Armstrong Flooring Announces Successful Bid for North


LANCASTER, Pa., July 10. 22, 2022 (GLOBE NEWSWIRE) — Armstrong Flooring, Inc. (OTC: AFIIQ), a leader in the design and manufacture of innovative flooring solutions (“Armstrong Flooring” or “the Company”), today announced that it has entered into a binding asset purchase agreement with a consortium of buyers consisting of AHF, LLC and Gordon Brothers, pursuant to which these buyers will acquire substantially all of the North American assets of Armstrong Flooring Inc. for $107 million in cash and the assumption of specified assumed liabilities. This binding asset purchase agreement was the culmination of the company’s Chapter 11 auction process for its North American assets.

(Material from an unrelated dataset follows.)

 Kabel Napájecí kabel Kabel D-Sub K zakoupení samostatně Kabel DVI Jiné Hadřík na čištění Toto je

The auctions for the sale of the company’s Chinese and Australian operations have not yet been formally concluded, but we expect to conclude them in the short term. The Company has received firm offers to acquire each of the Chinese and Australian businesses and will sign definitive purchase agreements for these transactions upon the close of the auction. Chinese and Australian businesses will continue to operate as usual and operations will not be affected by Chapter 11 cases.

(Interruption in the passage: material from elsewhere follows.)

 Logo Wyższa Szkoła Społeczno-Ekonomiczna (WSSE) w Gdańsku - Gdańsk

The AHF and Gordon Brothers consortium would acquire nearly all of the North American assets. AHF plans to continue operating the Lancaster, Kankakee and Beech Creek sites, and the company will pursue an orderly liquidation of its Jackson and Stillwater sites on July 15, 2022. Pending the completion of the sale of its North American assets, which is scheduled for July. Effective February 22, 2022, Armstrong Flooring will continue to operate as usual in all North American geographies and remains committed to its customers and other stakeholders.

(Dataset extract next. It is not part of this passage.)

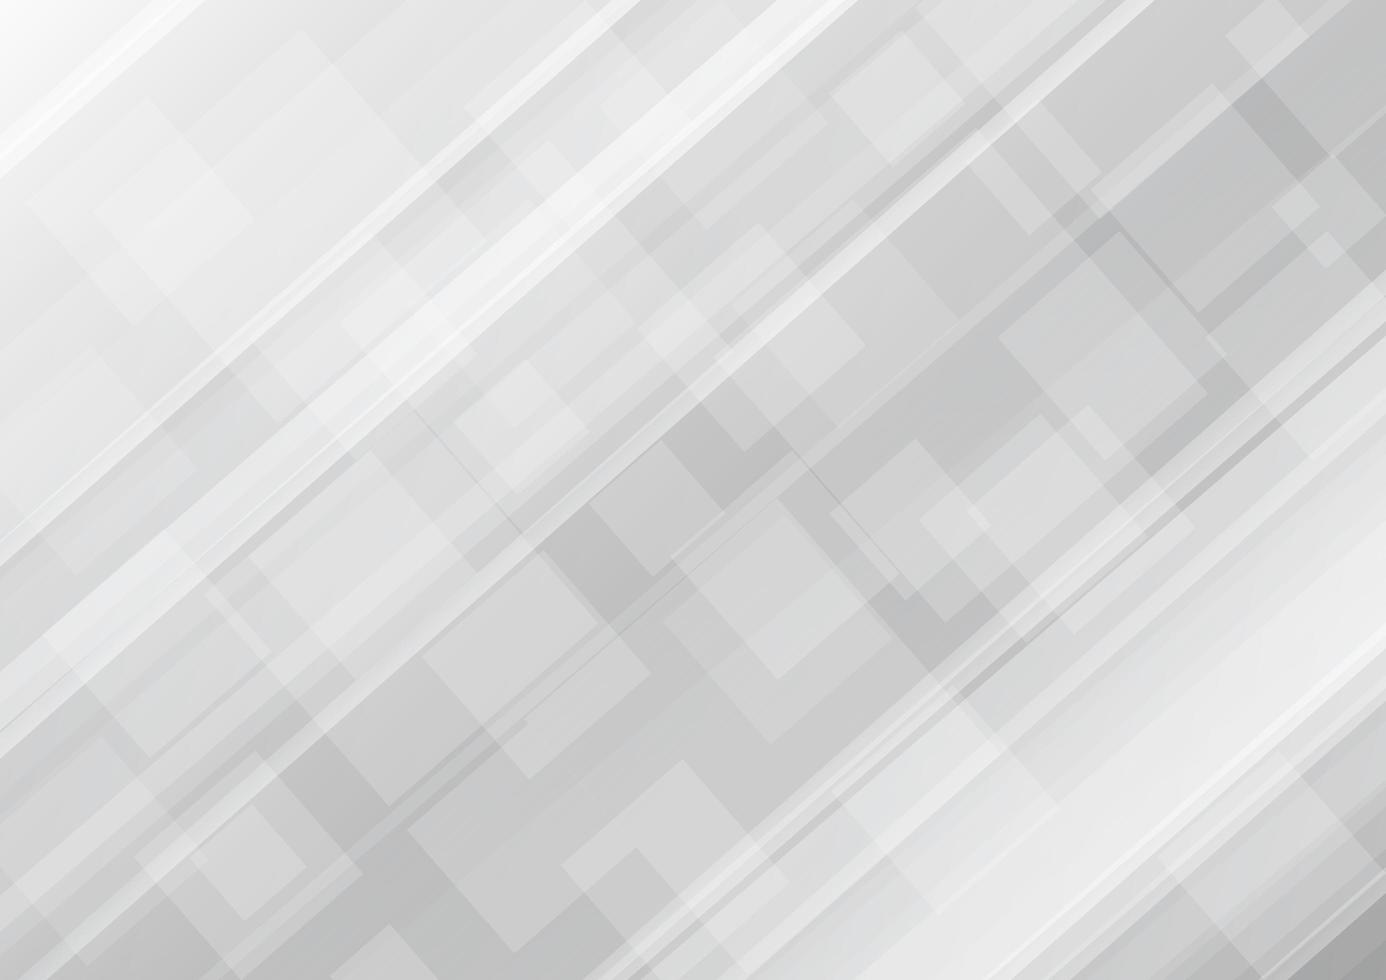 abstracte elegante diagonale grijze achtergrond met vierkantenpatroon vector

The proposed transactions are the result of a court-supervised auction that commenced on June 27, 2022 in which the AHF consortium and Gordon Brothers bid was the only binding bid received for substantially all of the northern assets. -Americans. The proposed transactions are subject to bankruptcy court approval, as well as regulatory approvals and customary closing conditions.

“We have worked hard to execute a sale that is effective and maximizes company value while keeping the best interests of our valued stakeholders at the forefront of everything we do. In light of the agreement we reached with AHF and Gordon Brothers, and the agreements we are about to sign with buyers from Chinese and North American companies after the completion of the auction, Armstrong Flooring is now one step closer to achieving this goal, ” said Michel Vermette, President and Chief Executive Officer. “We hoped to find a buyer for the entire activity and avoid any closure of our facilities; however, based on the options available to us, we believe this is the best way forward for our business. This reflects the support of our ABL lenders, creditors and other key stakeholders, and has been approved by our Board of Directors. Although no e cannot speak for the proposed buyers, we are encouraged that they see the company’s potential in the markets we serve and understand the role our people play in driving the business forward. »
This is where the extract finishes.